Term papers are part of the old college tradition: writing the paper enables students to both acquire a deeper understanding of course concepts and demonstrate that understanding to the instructor. These days, however, it is too easy to for students to plagiarize or buy a paper, and overworked faculty can spend hours grading a stack of papers. At Comic-BEE, we think that having each student create a branching comic is a better approach for today’s learning environment. You can learn more about this idea, how it works, and read a testimonial from a college professor at our College Course page.
In this post I’ll try to answer the question, “But what does a branching comic assignment actually look like?” You could provide students with an initial starting point so they are all creating a comic on the same concept, or allow them to coming up with their own concept, based on the course materials. Just like in a paper, you’ll want to provide some structural guidance, such specifying a minimum number of scenes, how many endings and of what type (good, bad, or somewhere in between). And you can tell students to skip creating a lesson plan and start directly with the script.
But what does that really look like? I know cybersecurity best, so the examples below begin in the cybersecurity domain.
Introductory, undergraduate cybersecurity course. Ask students to illustrate their understanding of a basic concept. For example, “Explain what social engineering is, using the point of view of a hacker tracking a user’s online presence or ‘digital footprints'”. Perhaps the hacker has already obtained one piece information from the victim and students must show what the hacker could do with that one piece and the social engineering tactics that could be used to get other information. If you prefer a defensive approach, ask students to illustrate various ways to protect information in a given threat scenario: what can they do protect against phishing, ransomware, or other threats that could affect them as individuals.
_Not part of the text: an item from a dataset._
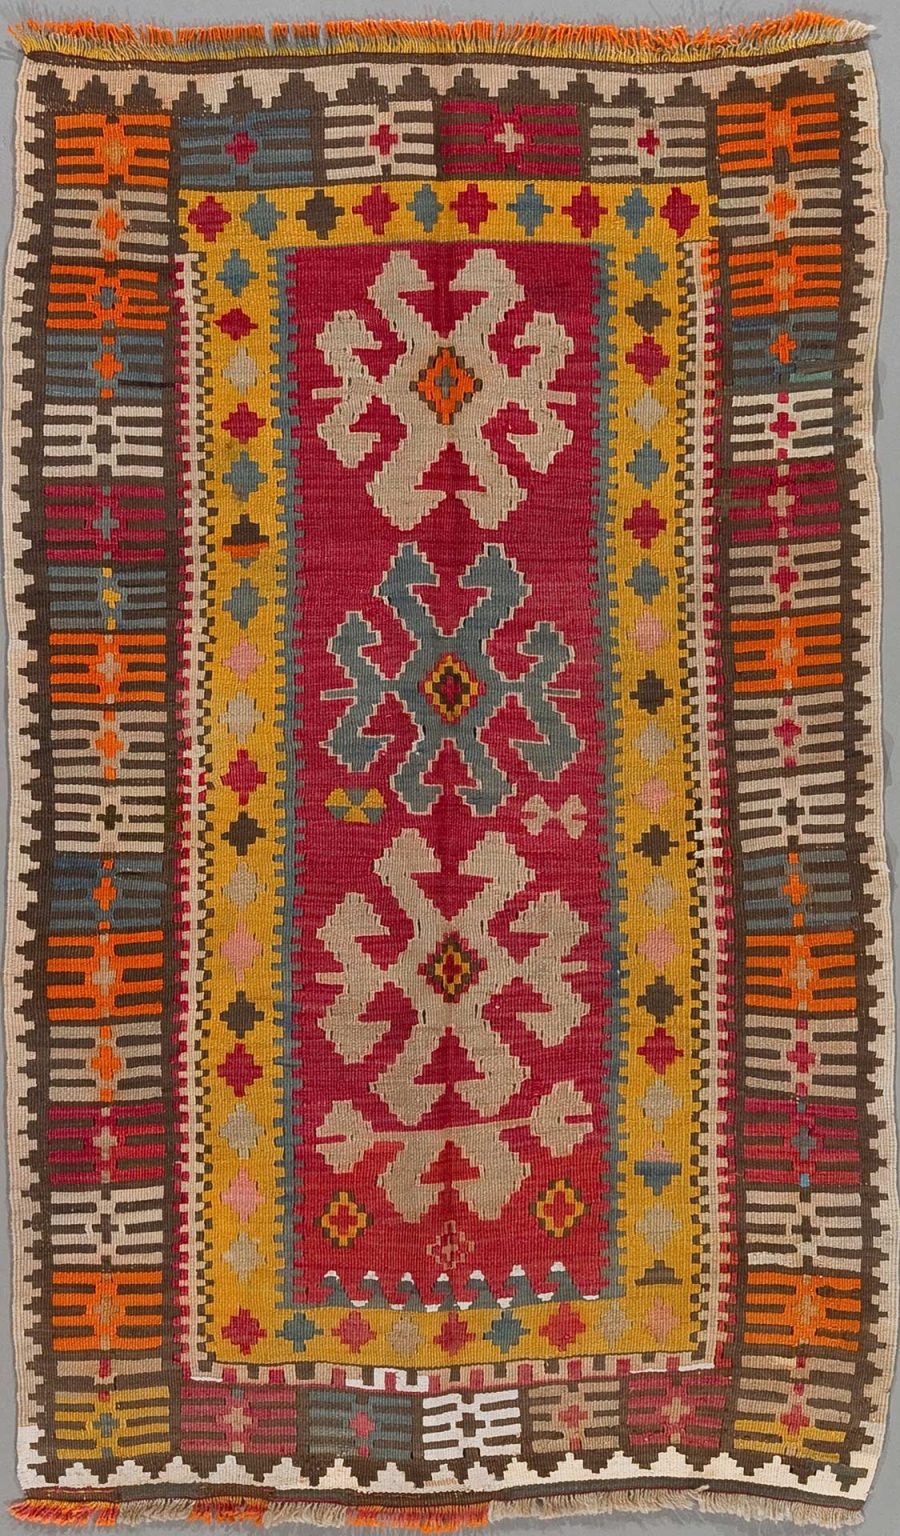 Handgewebter Teppich mit traditionellen Mustern in Rot, Gelb, Blau, Grau und Beige und zentralem Medaillon-Motiv, flankiert von dekorativen Bordüren und Fransen an den Enden.

Graduate course on cybersecurity policy or risk management. Give students a scenario (MegaCompany in industry X), and ask them create a comic showing different choices the MegaCompany CEO could make to increase resiliency in the event of major incident or outage. They should consider options such as strategic investments in IT Infrastructure and security solutions, staffing & training (for everyone or selected work roles), or even business process choices the CEO of MegaCompany could make to comply with specific regulatory issues for industry X. [Yes, this is a thinly veiled opportunity for them to practice pitching to executives using business language!]
Mechanical, Electrical, or Computer Engineering. Assign students a specific “What If” scenario: given engineering goal Y and requirements X, describe the different design options, and demonstrate the possible outcomes (good and bad) of those options. You would need to determine those variables based on the specifics of your course, or maybe there’s a well known problem in that domain that you can adapt.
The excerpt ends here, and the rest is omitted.